Loss of 1 allele copy —> not enough protein produced
What are 2 examples of autosomal dominant disorders?
- Huntington’s disease
- Hypertrophic cardiomyopathy
What are the 5 symptoms of Huntington’s disease?
- Difficulty concentrating
- Depression
- Stumbling
- Involuntary jerking
- Swallowing issues
When do Huntington’s disease symptoms usually start?
Age 30-50
What mutation causes Huntington’s disease?
CAG repeats —> multiple glutamines in huntingtin protein
Why does the CAG expansion cause Huntington’s?
Abnormal huntington protein aggregates in cells —> toxic to neurones —> cell death
How does hypertrophic cardiomyopathy affect the heart? (4)
- Thick heart muscles
- Reduced heart chamber volume
- Stiffer heart walls
- Sudden cardiac death
What type of genetic disorder is Huntington’s disease?
Autosomal dominant
What type of genetic disorder is hypertrophic cardiomyopathy?
Autosomal dominant
What is the most common mutation leading to cardiomyopathy?
MYH7 gene (β-myosin heavy chain)
- Also MYBPC3 —> mutated myosin binding protein c
Why does MYH7 mutation lead to hypertrophic cardiomyopathy?
Decreased ATPase activity —> reducing sliding velocity —> weaker cardiac muscle —> compensatory cardiac muscle growth
What happens to cardiac function in hypertrophic cardiomyopathy?
Reduced
Why does hypertrophy occur in hypertrophic cardiomyopathy?
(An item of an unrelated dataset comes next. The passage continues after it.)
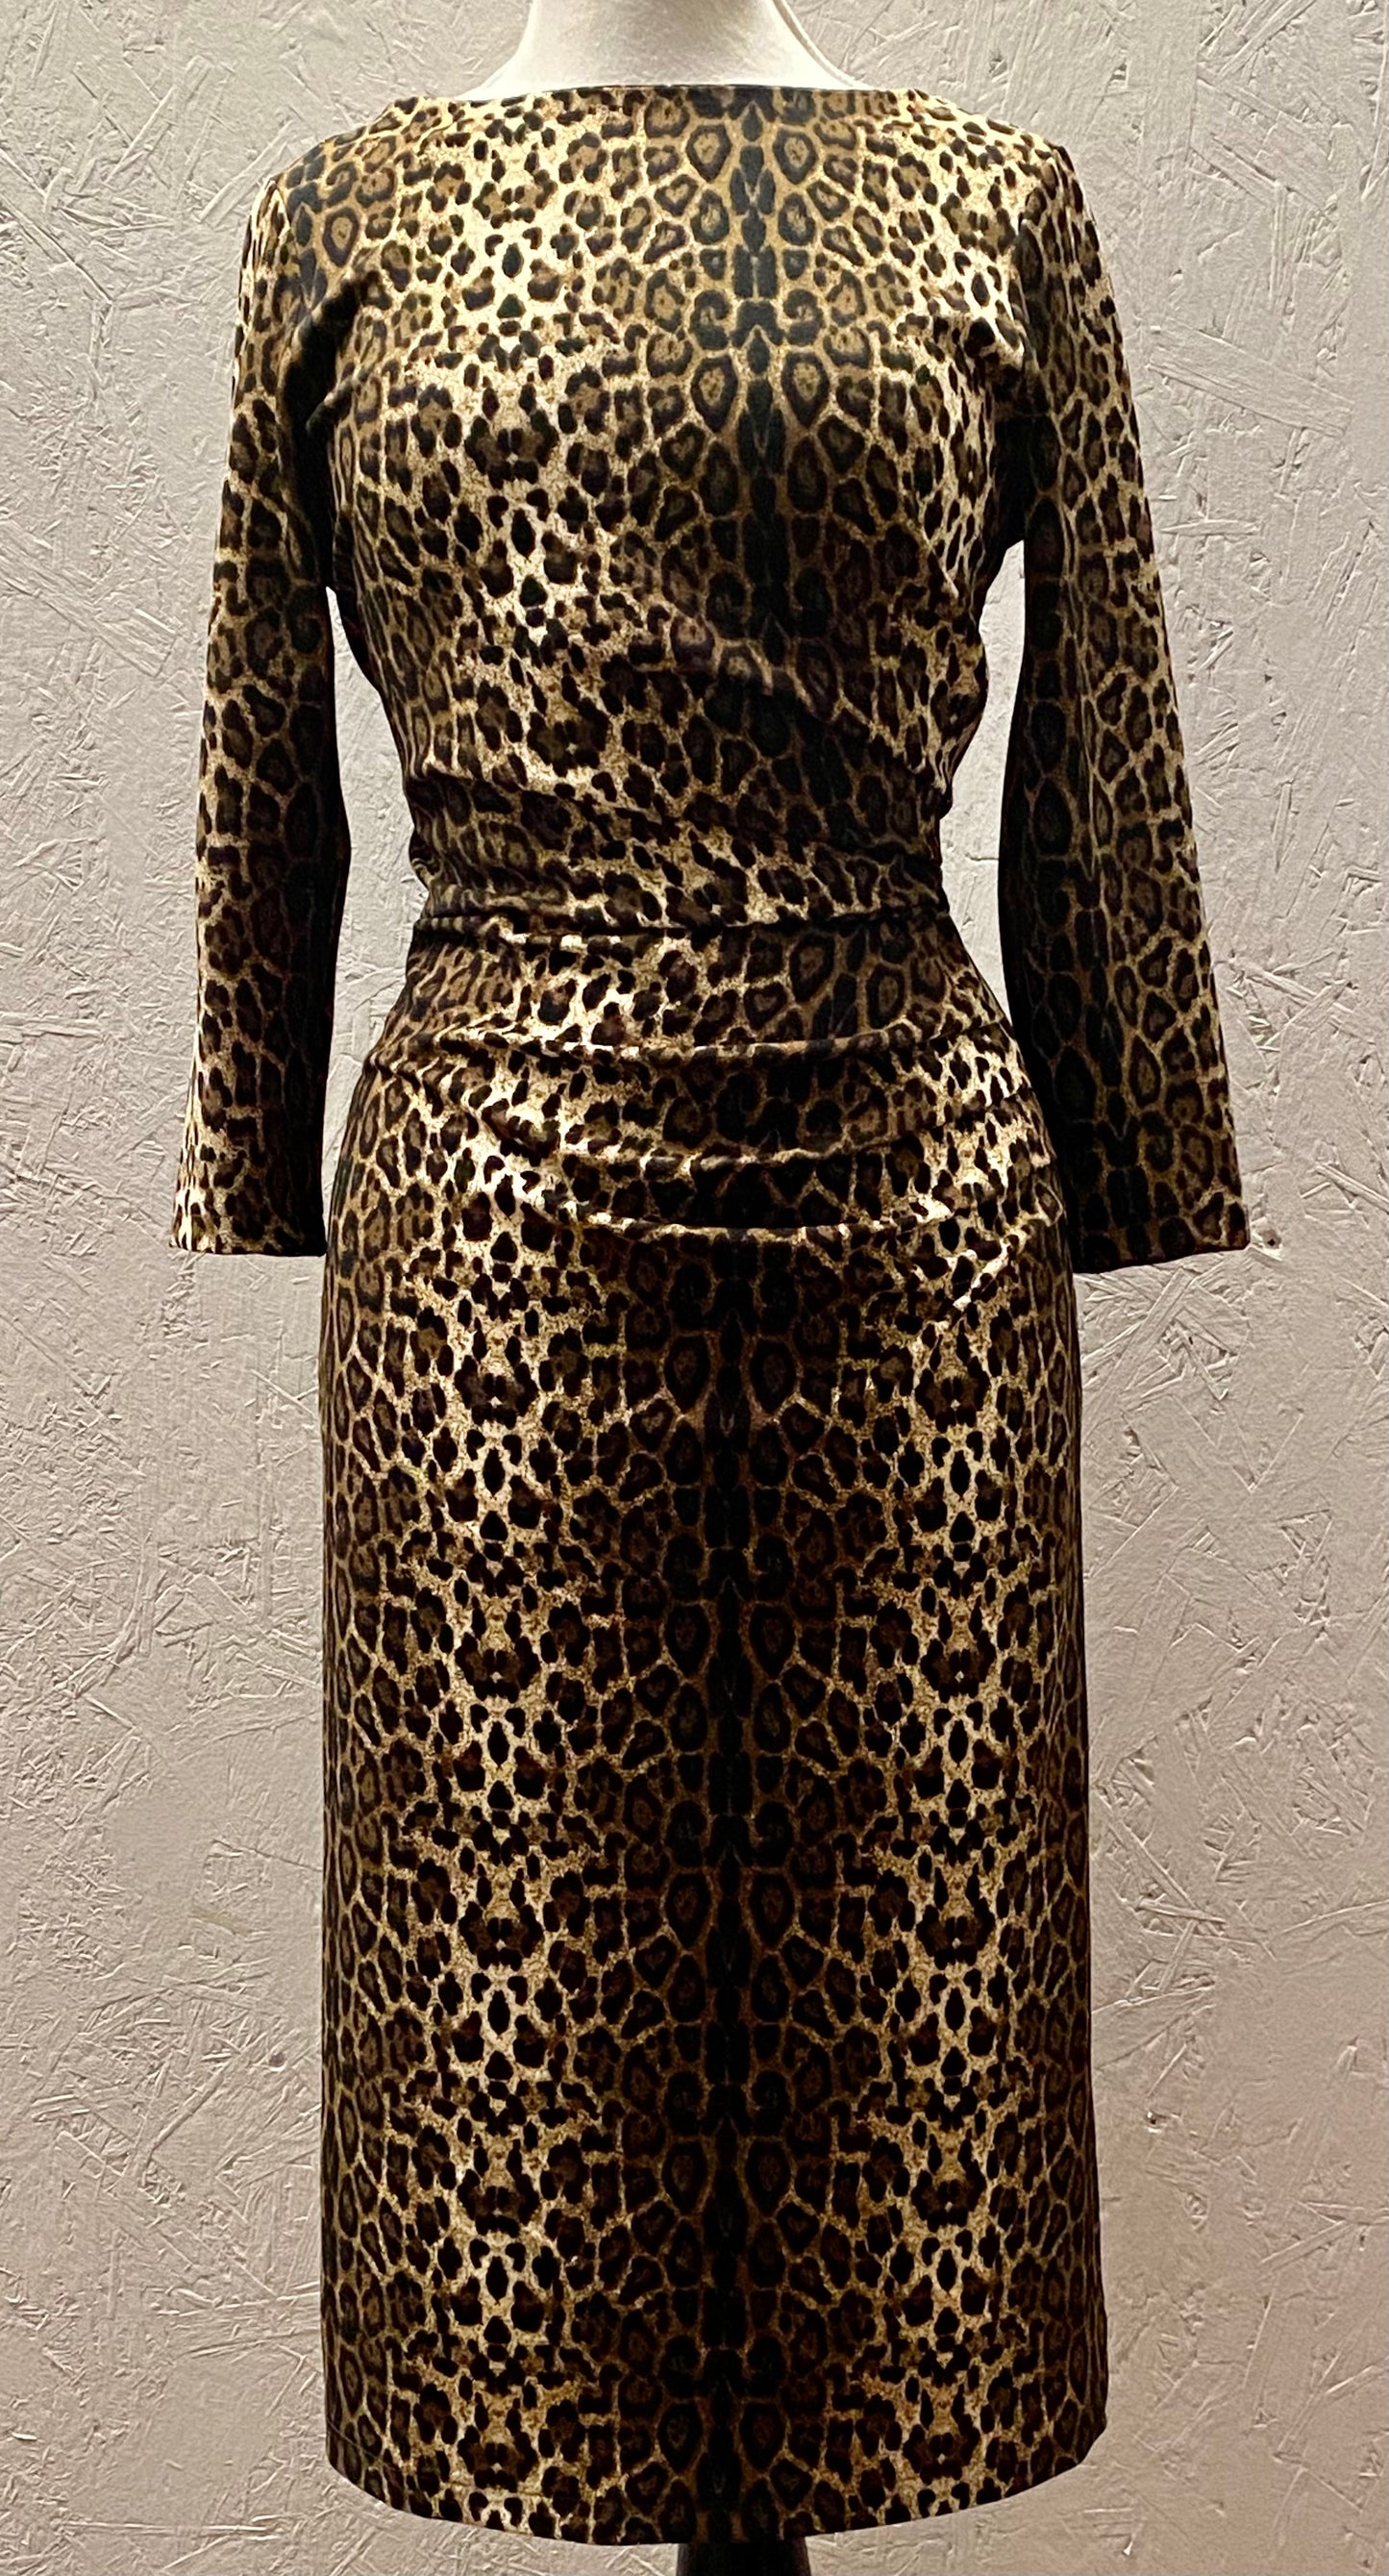 Joan vintage 1950s style wiggle dress in wicked leopard print

Compensatory (weaker muscle)
What are carriers?
Those with 1 copy of recessive disorder allele —> can pass on disorder but don’t have it
What are autosomal recessive alleles?
Need 2 copies for phenotype
How do autosomal recessive alleles change a phenotype?
Loss-of-function
What is the chance of an autosomal recessive affected child having an affected sibling?
1/4
What type of pedigree pattern do autosomal recessive disorders have?
Horizontal
What increases the risk of autosomal recessive diseases in a family?
Cosanguineous marriages
What do cosanguineous marriages lead to and why?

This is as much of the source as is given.